I would not have thought that you could safely mount a snapshot. If
 you try mounting it read-only then you have a dirty filesystem. If
you mount it read-write then fsck will try and fix it, which then
means you have two different systems trying to write to a volume. I
don't know if LVM will handle this and prevent the host access from
 corrupting the guests filesystem.
You can mount a snapshot RW, and LVM will handle keeping any writes
separate from the "origin image" copy.
This is correct, and is sometimes used for creating stable filesystem images for backups.

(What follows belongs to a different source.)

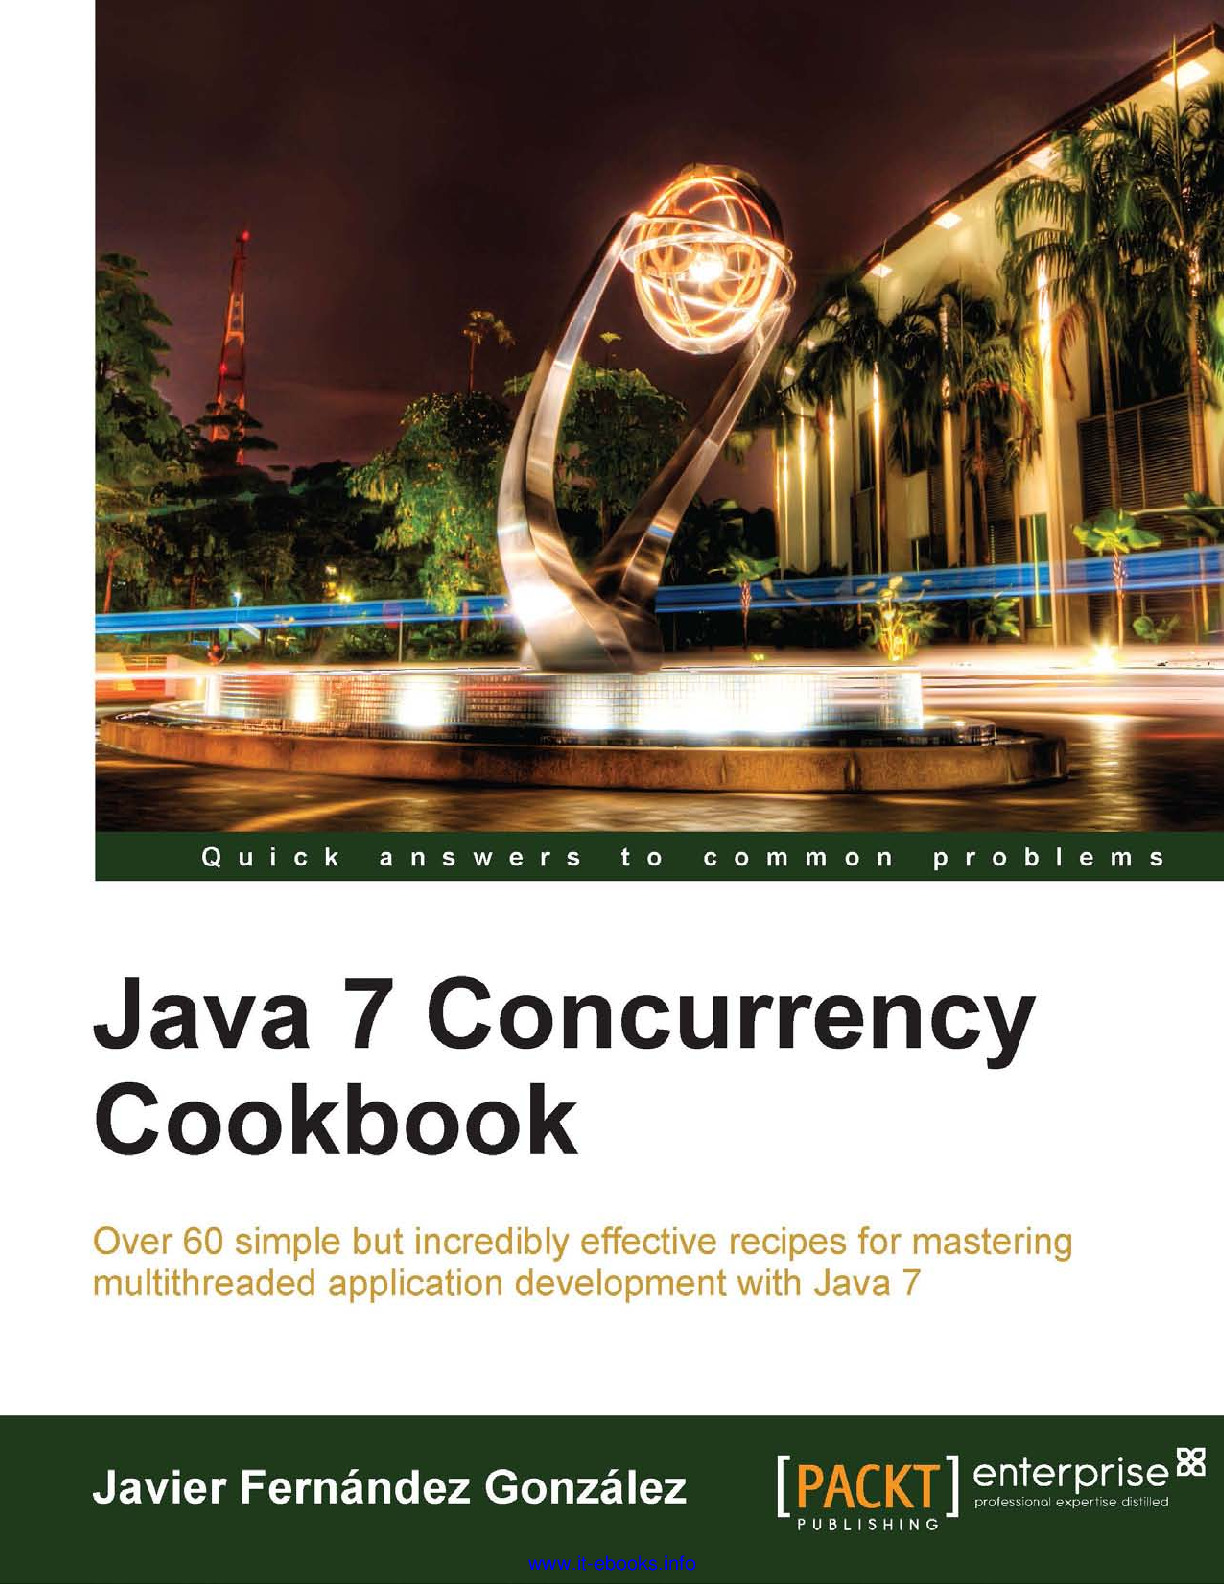 [JAVA][Java 7 Concurrency Cookbook]

In such usage, the typical workflow is:
1. Take a snapshot of a mounted, in-use LV.
2. Run fsck on the snapshot to make sure the FS is clean.
3. Mount the snapshot read-only, and run whatever backup software against this instead of against the origin volume.
4. Unmount and delete the snapshot.
Some backup software actually has built-in functionality to do this automatically, and for some filesystems (like XFS), you don't even need the fsck. This is how I used to manage backups on my systems before I switched to BTRFS (which has the snapshot functionality built in, so I don't need LVM for it), and it works well provided you can handle the small performance degradation while running the backup.

This is also used sometimes for multiple-instantiation of VM's from a base image by creating a snapshot for each VM, which is then used as the backing device for that VM, so the base image doesn't get modified. I know a couple people who use this for the root filesystem for driver domains on Xen.